April 20th - This Week at the United States Supreme Court




Supreme Podcast show

Summary: We review four cases heard in oral arguments this week. Are human genes patentable? Should a federal law that favors American Indian tribes and parents be applied to take a adoptive child from a non-Indian family to return her to a father that washed his hands of her years before? Does the Congress have the power to require a former member of the military to register as a sex offender years after he served his sentence and after leaving the military? Is a person's silence in response to police questioning prior to arrest and the giving of Miranda rights admissible as evidence against him in a subsequent trial when the defendant does not testify? ORAL ARGUMENT - @3:38 Association for Molecular Pathology v. Myriad Genetics, Inc. - Are human genes patentable? The Respondent discovered and isolated two gene mutations that it found to be correlated with an increased risk of breast and ovarian cancer and sought to patent the gene mutations and the processes used to isolated and identify them. ORAL ARGUMENT - @24:05 Adoptive Couple v. Baby Girl - Whether an unwed biological father and American Indian who has not complied with state law rules to attain legal status as a parent may sue under the Indian Child Welfare Act to block an adoption agreed to by the birth mother to a non-Indian parent.
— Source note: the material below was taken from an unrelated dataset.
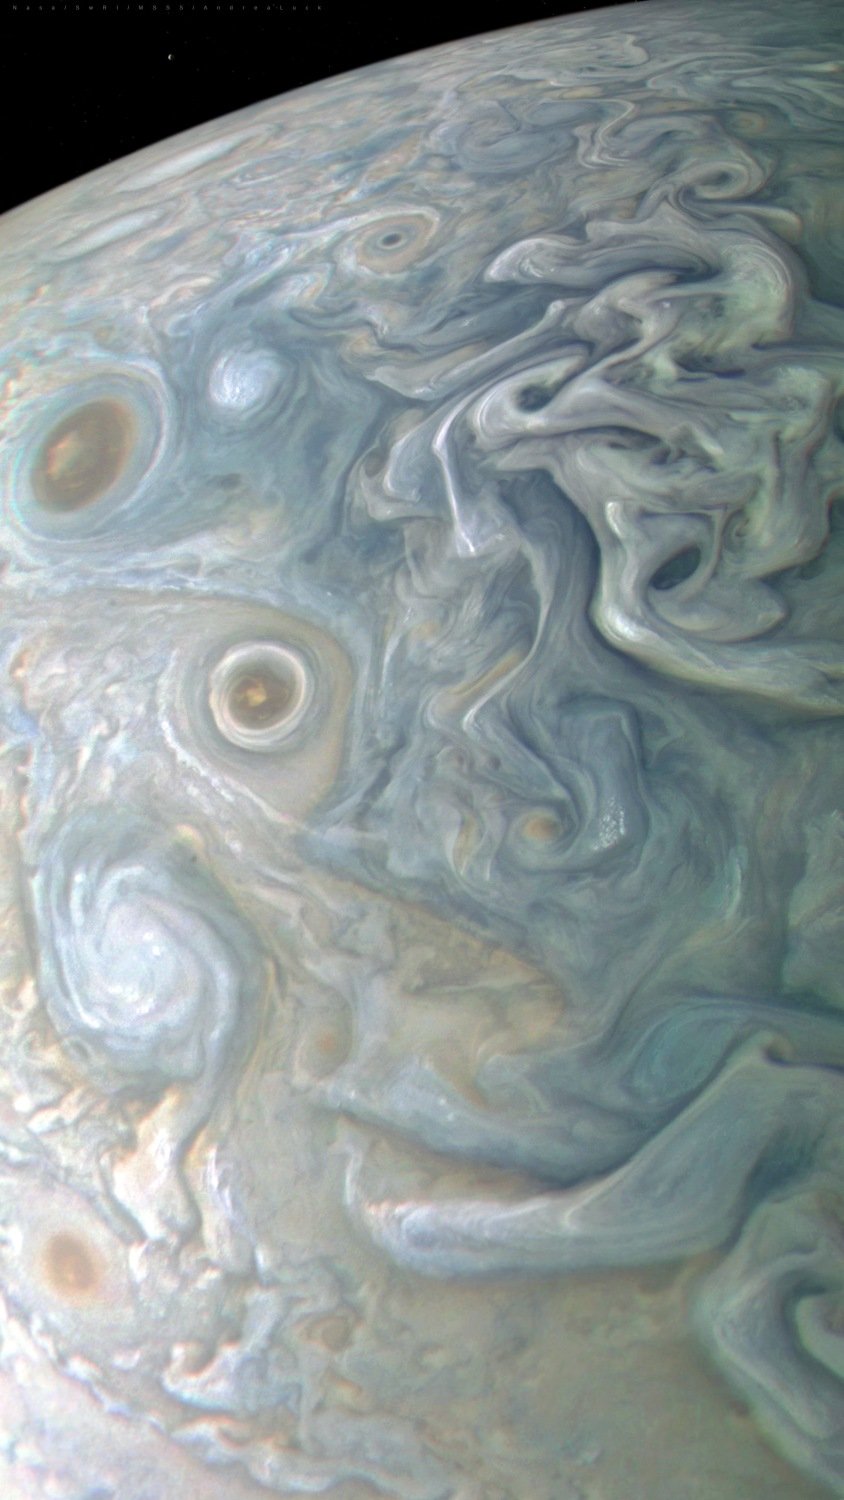 Čerstvé snímky Jupitera berou dech. Prohlédněte si krále planet zblízka

ORAL ARGUMENT - @40:19 United States v. Kebodeaux - Whether the court of appeals erred in holding that Congress lacks the Article I authority to provide for criminal penalties under 18 U.S.C. 2250(a)(2)(A), as applied to a person who was convicted of a sex offense under federal law and completed his criminal sentence before SORNA was enacted. ORAL ARGUMENT - @52:26 Salinas v. Texas - Whether or under what circumstances the Fifth Amendment’s Self-Incrimination Clause protects a defendant’s refusal to answer law enforcement questioning before he has been arrested or read his Miranda rights.